- Opening Delimiter -

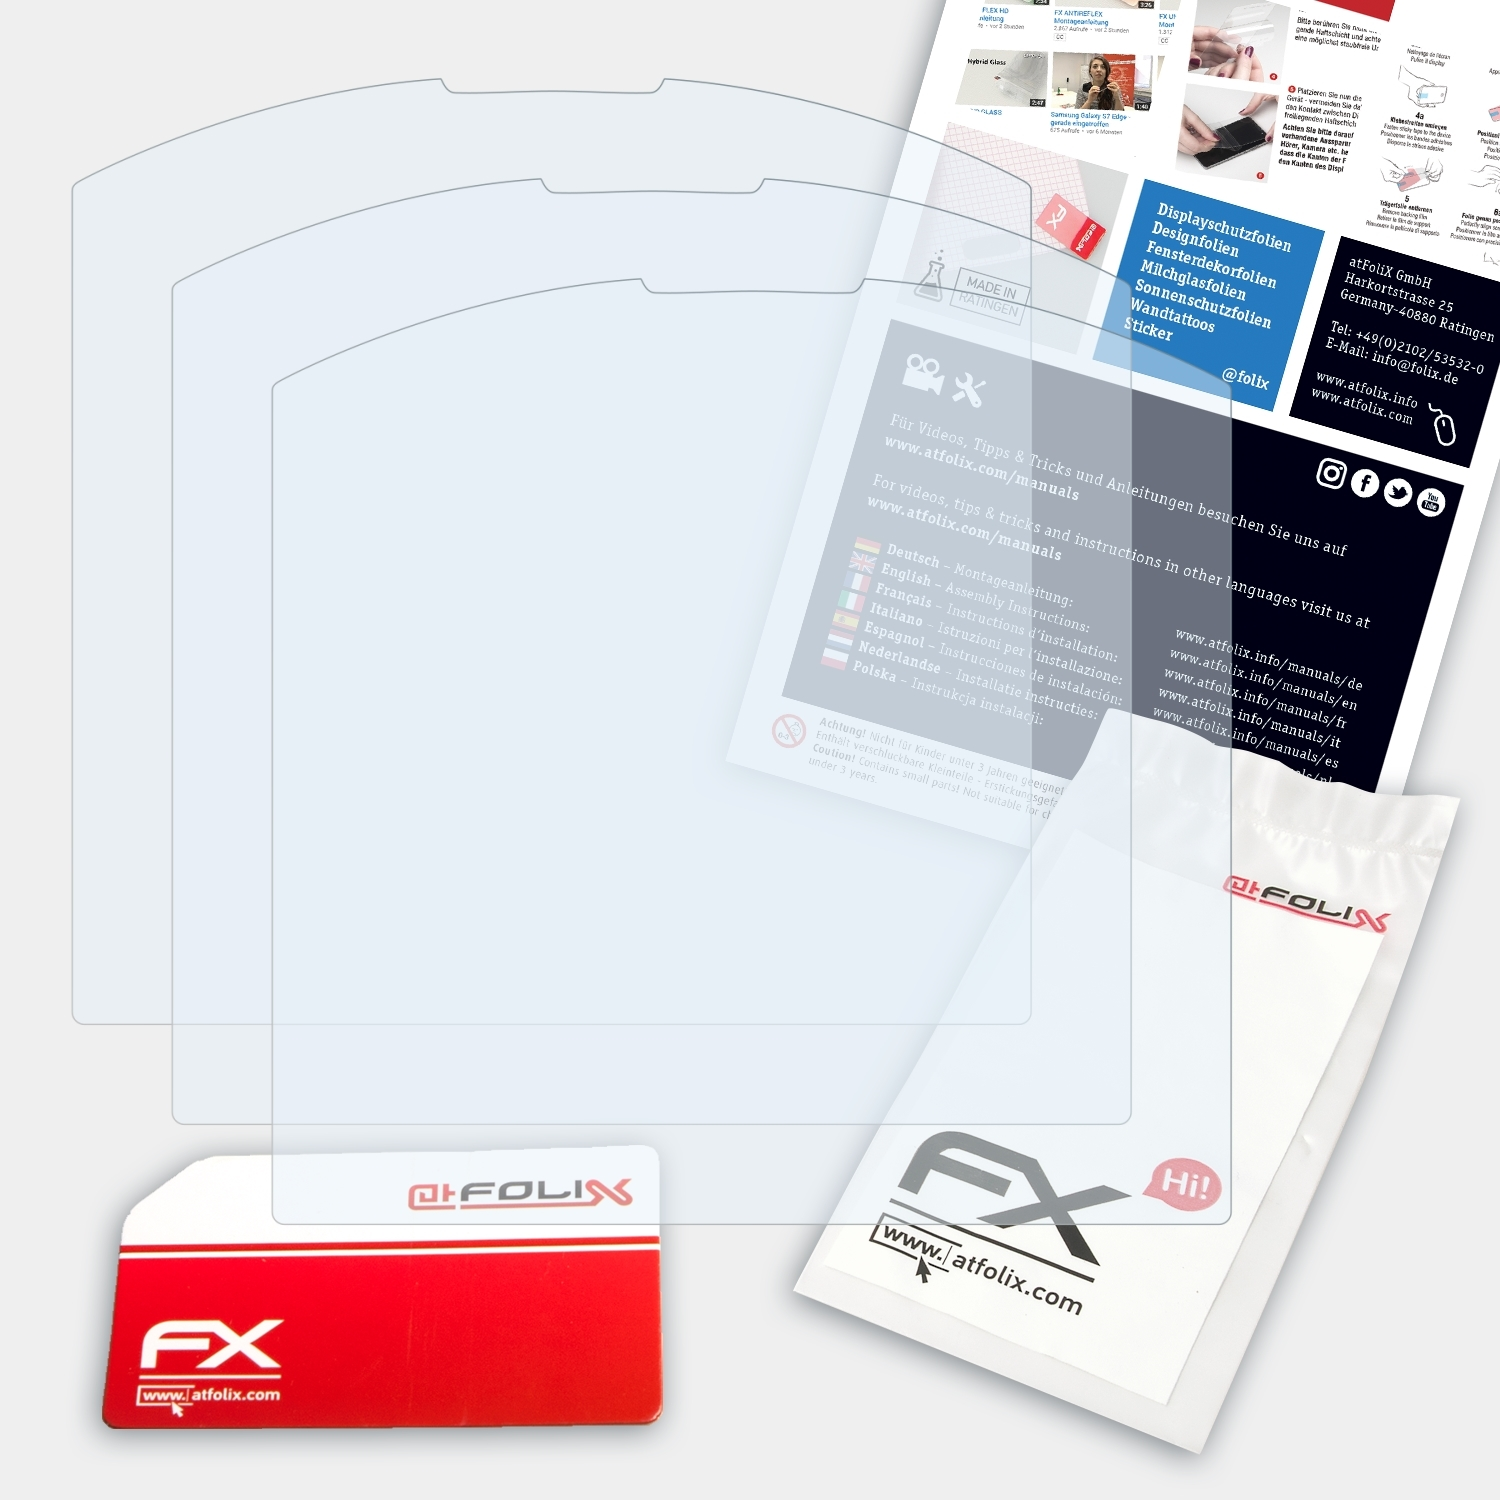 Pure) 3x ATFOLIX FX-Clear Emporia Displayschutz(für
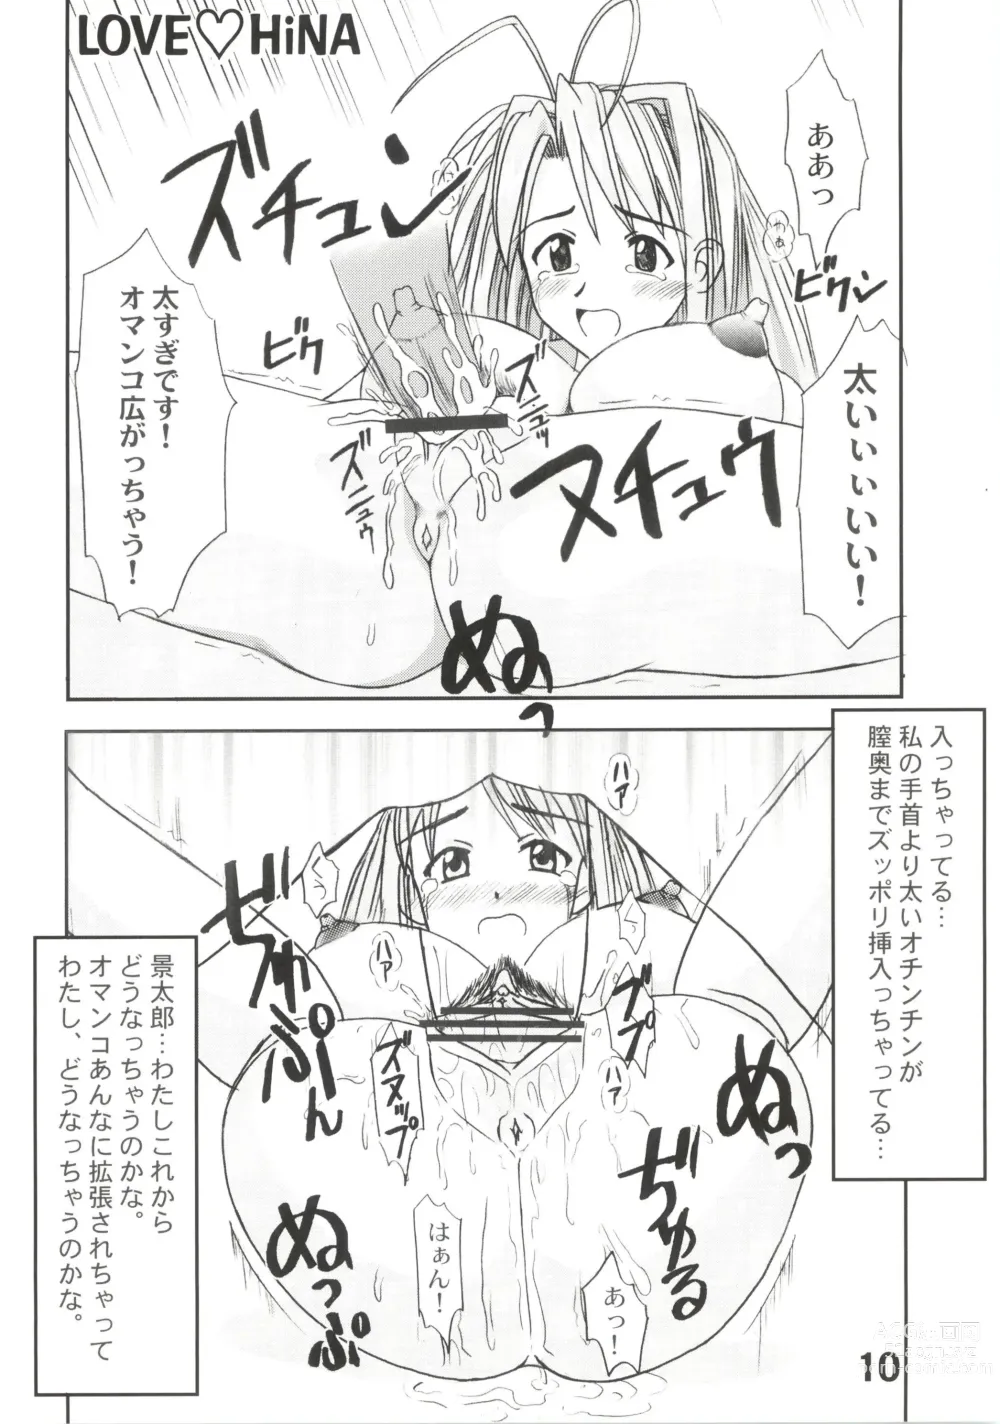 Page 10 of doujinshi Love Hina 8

- Closing Delimiter -
- Opening Delimiter -

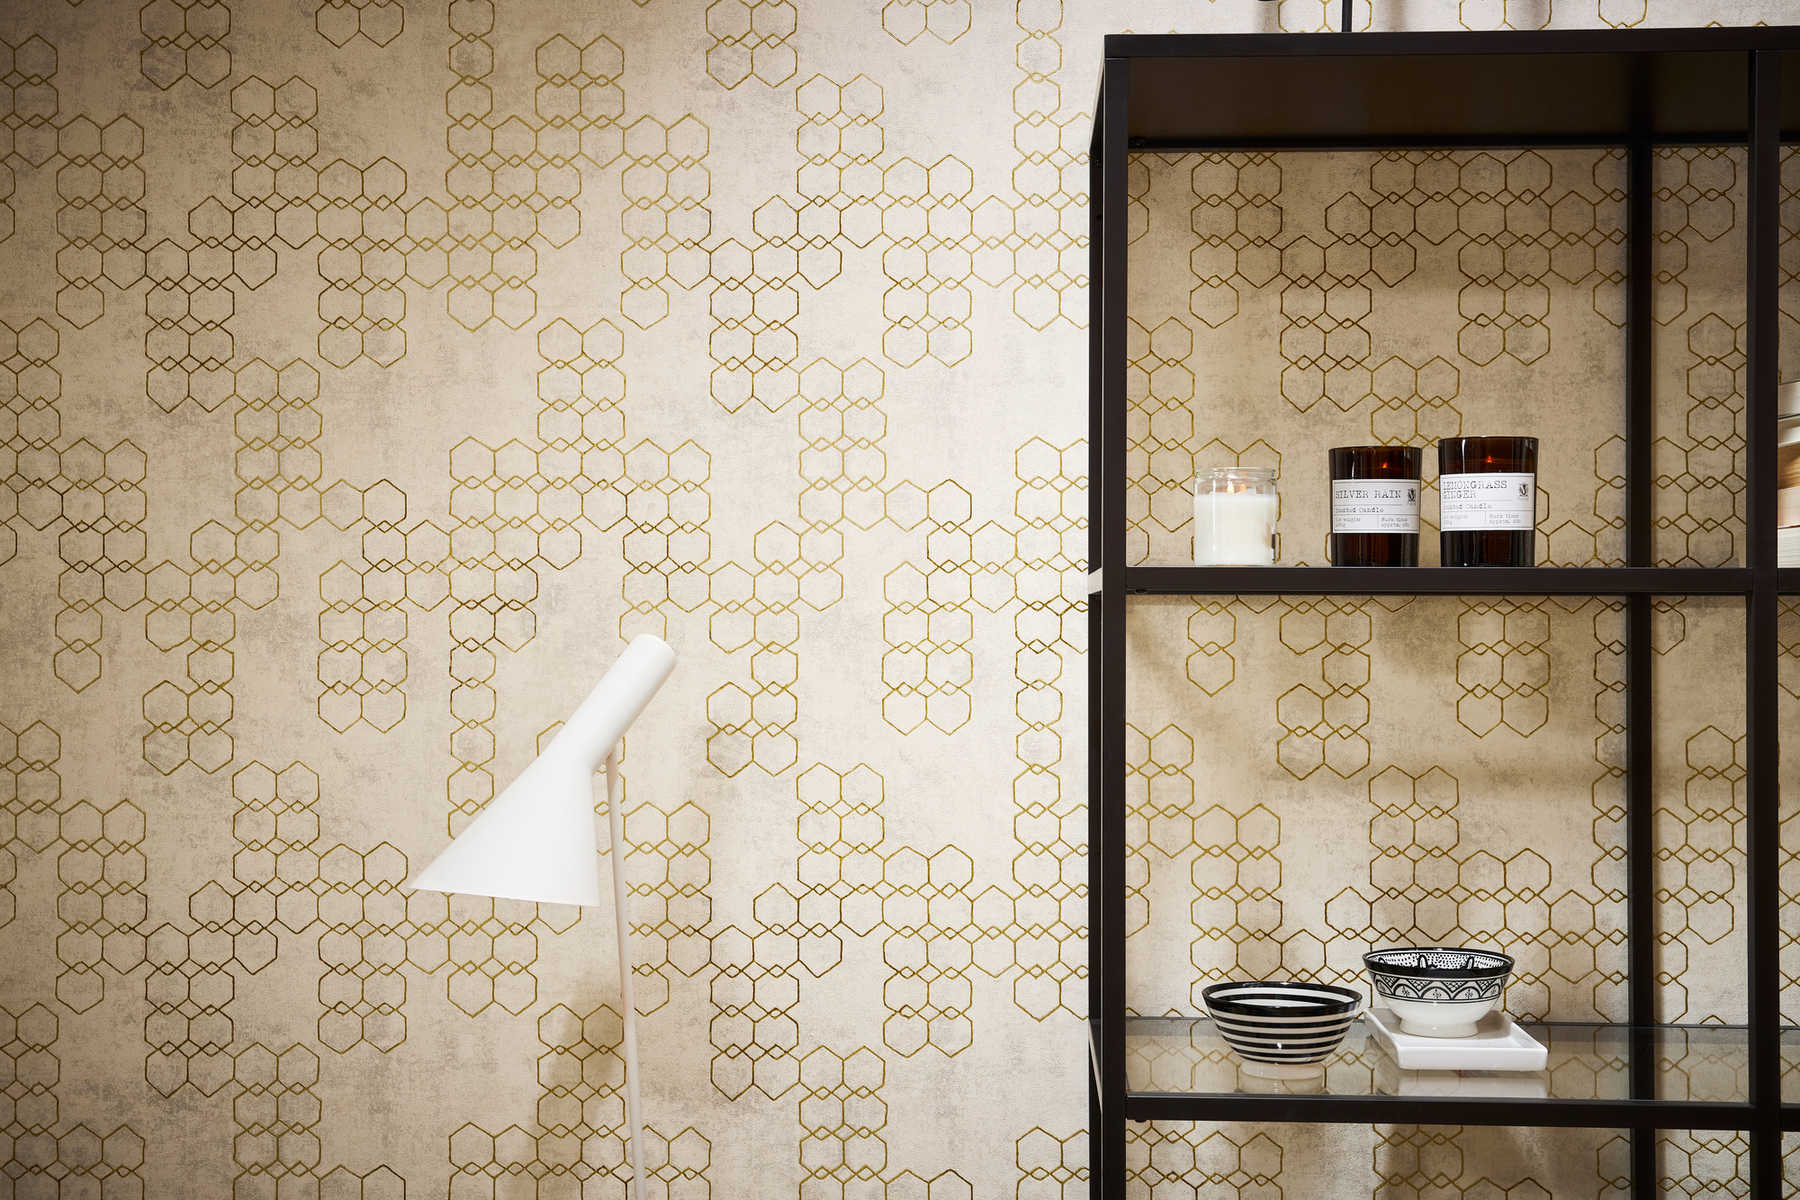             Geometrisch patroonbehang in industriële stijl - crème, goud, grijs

- Closing Delimiter -
- Opening Delimiter -

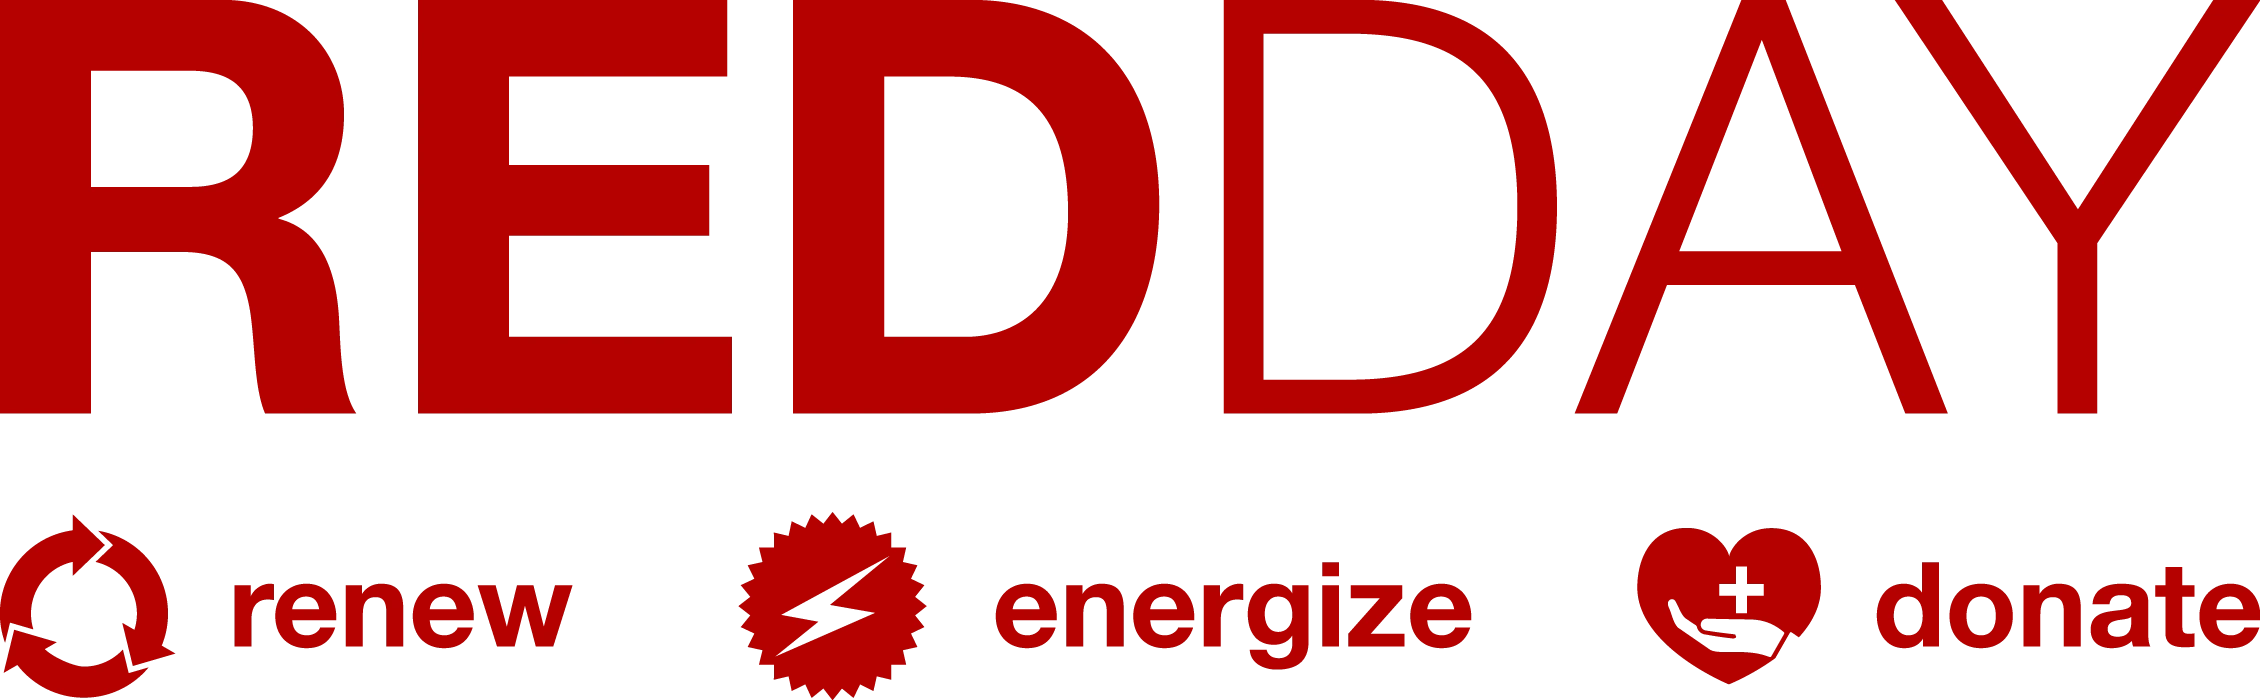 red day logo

- Closing Delimiter -

WHAT TO DO |
Write out the lines above from the one with "Pure) 3x ATFOLIX" through the one with "Page 10 of doujinshi Love Hina 8", ends included, exactly; no picture goes in.

TASK RESPONSE |
 Pure) 3x ATFOLIX FX-Clear Emporia Displayschutz(für
 Page 10 of doujinshi Love Hina 8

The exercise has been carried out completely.